The court determines whether fees being claimed by the winner are reasonable.
Bar associations (or the local equivalent) publish fee scales, and the courts
will often require winners to cover a portion of their expenses if they
determine them to be excessive.

If a litigant was found to be deliberately using the most expensive legal
representation in an attempt to bankrupt the other party they'd almost
certainly be sanctioned.

> _If, say, your landlord steals your $1500 security deposit for no good
> reason, are you really willing to risk $5000 in lawyer 's fees over $1500?_

Most loser pays systems offer similar small claims courts, which don't require
lawyer. So your $1,500 dispute would go there, rather than to a trial court.
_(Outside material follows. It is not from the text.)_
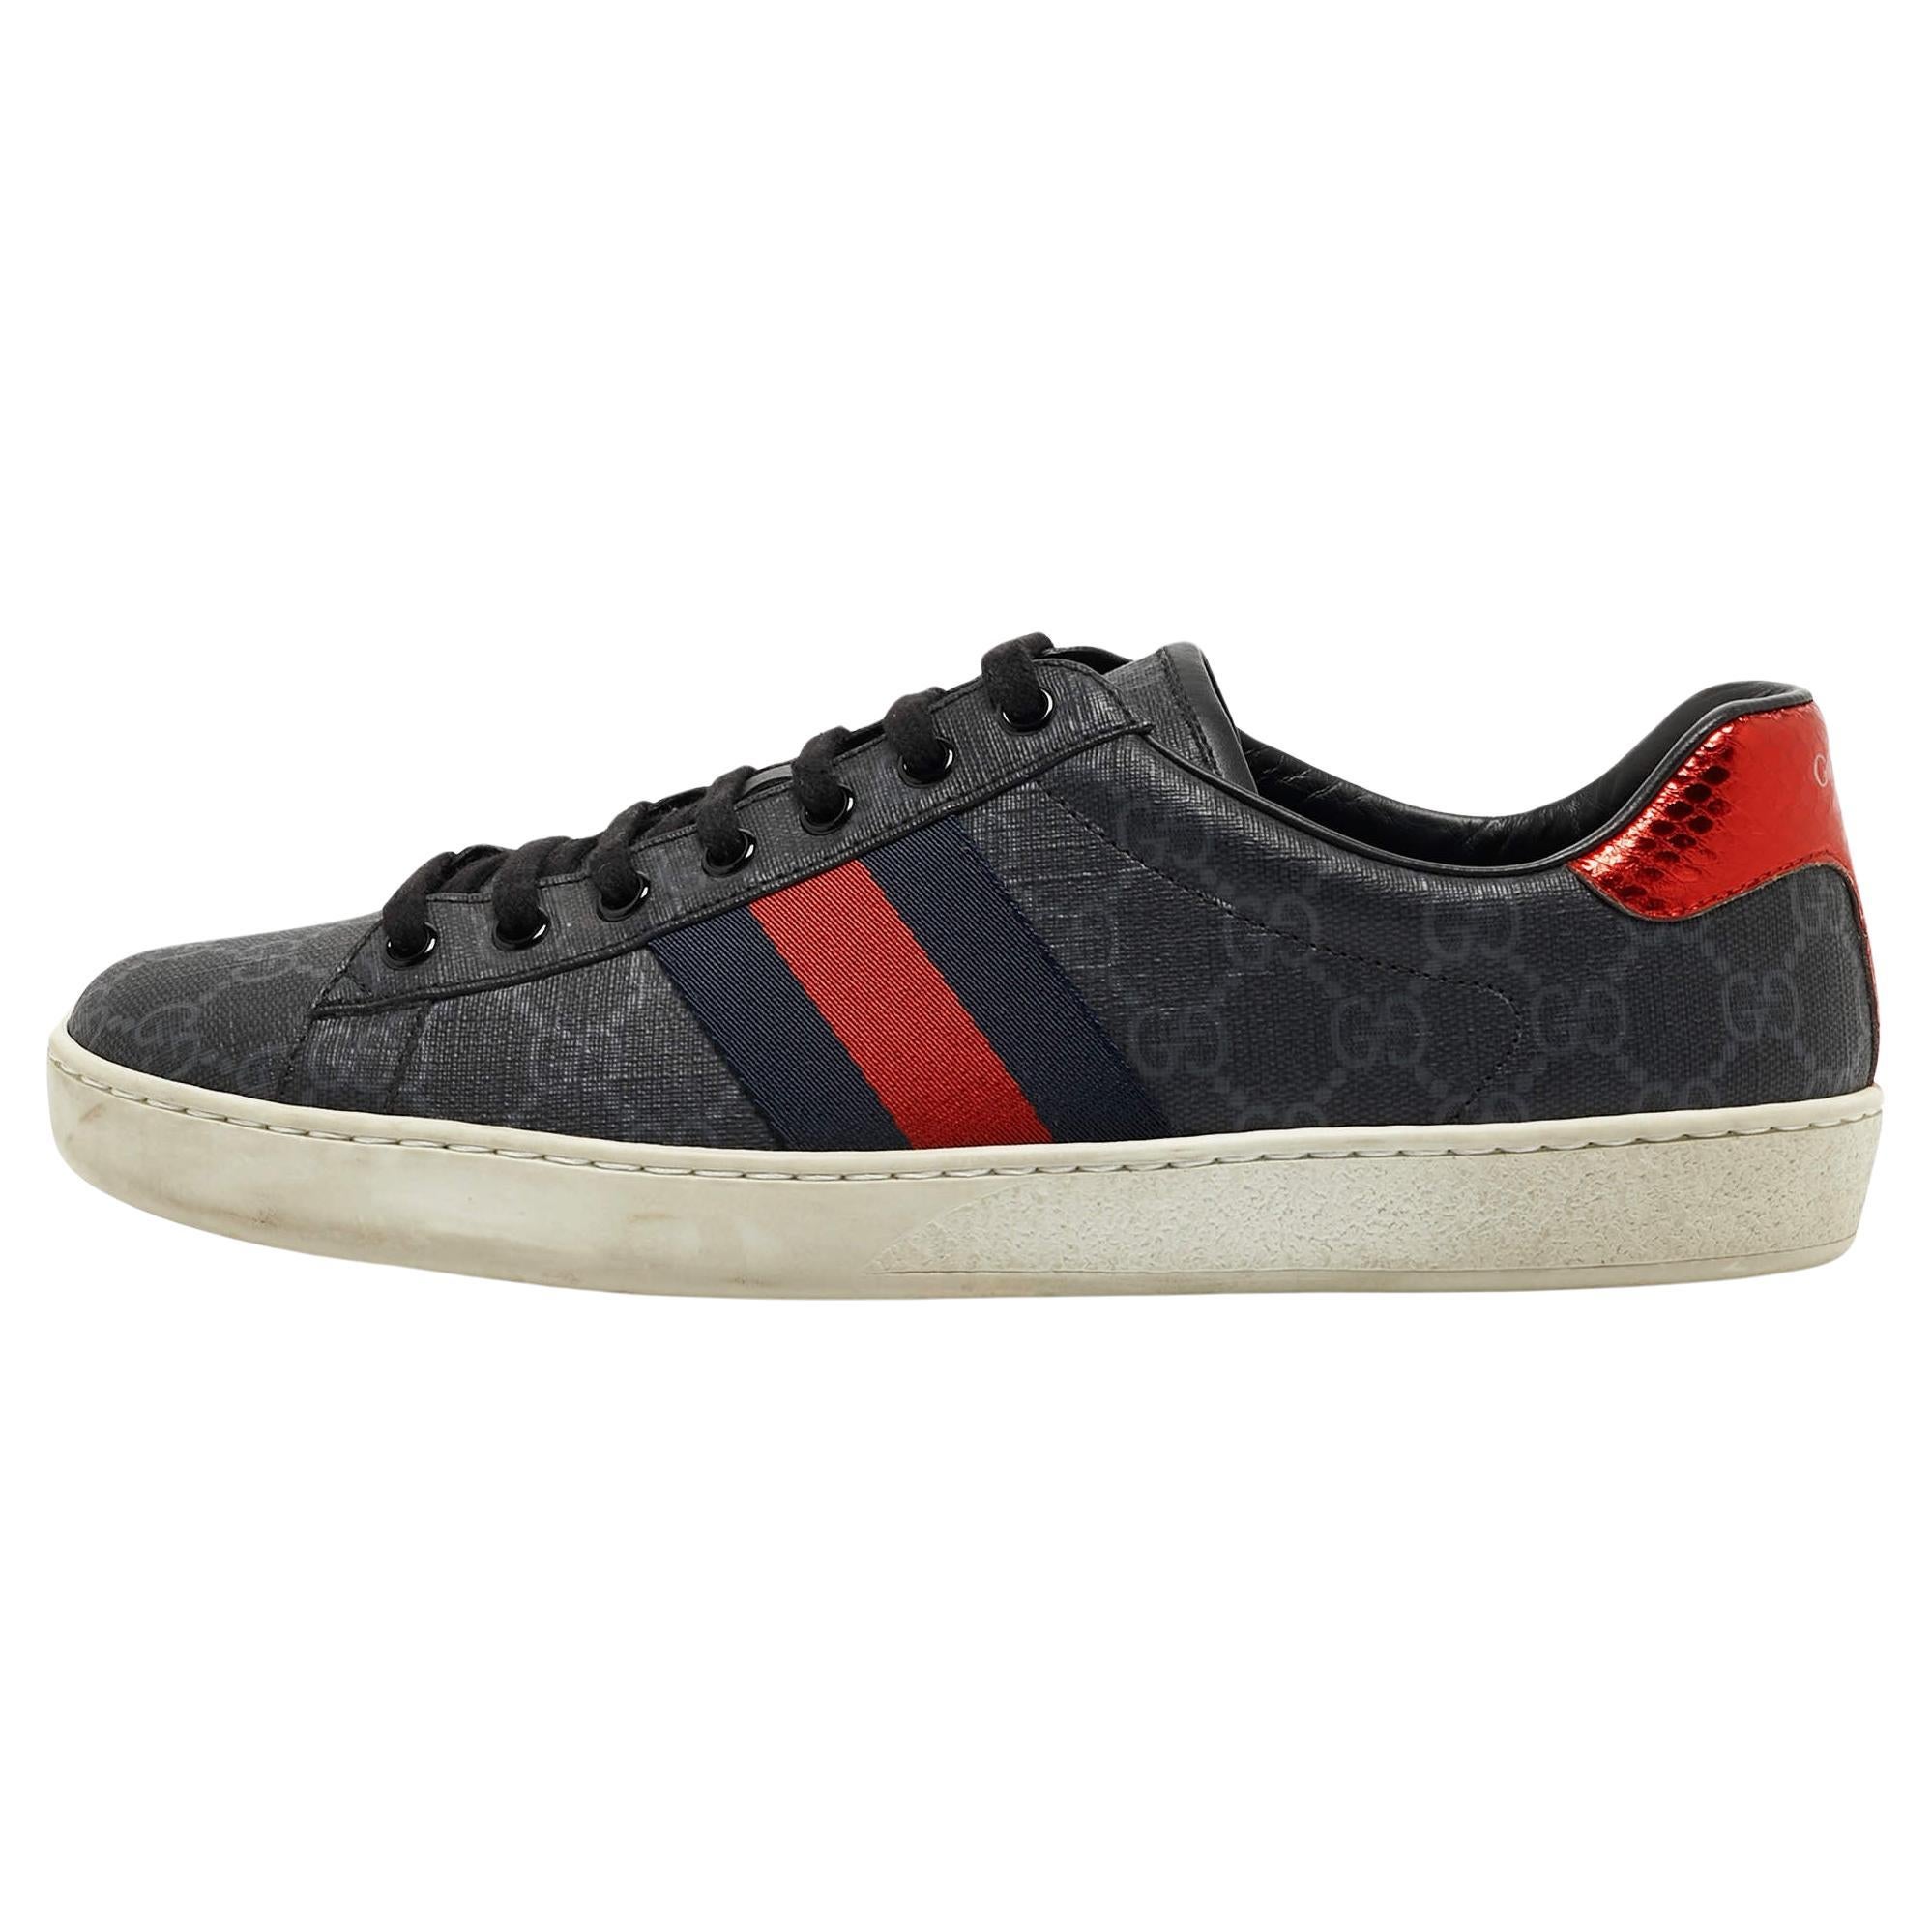 Gucci Two Tone GG Supreme Canvas Ace Sneakers Size 42.5 For Sale

> _It makes the courts a weapon of last resort rather than the standard
> dispute-resolution mechanism_

You have misunderstood what the courts are. They _are_ a measure of last
resort. Ask any judge or lawyer: courts expect parties in a trial to attempt
to settle. That includes going to non-binding arbitration and making
reasonable settlement offers. Courts take a very dim view of parties that
don't attempt to settle.

In fact, if the loser made a pre-trial offer that was higher than the amount
eventually awarded, the courts will often make the winner pay some or all of
their own costs. This is on the basis the winner has wasted the court's time:
they had a better offer, and they refused to take it.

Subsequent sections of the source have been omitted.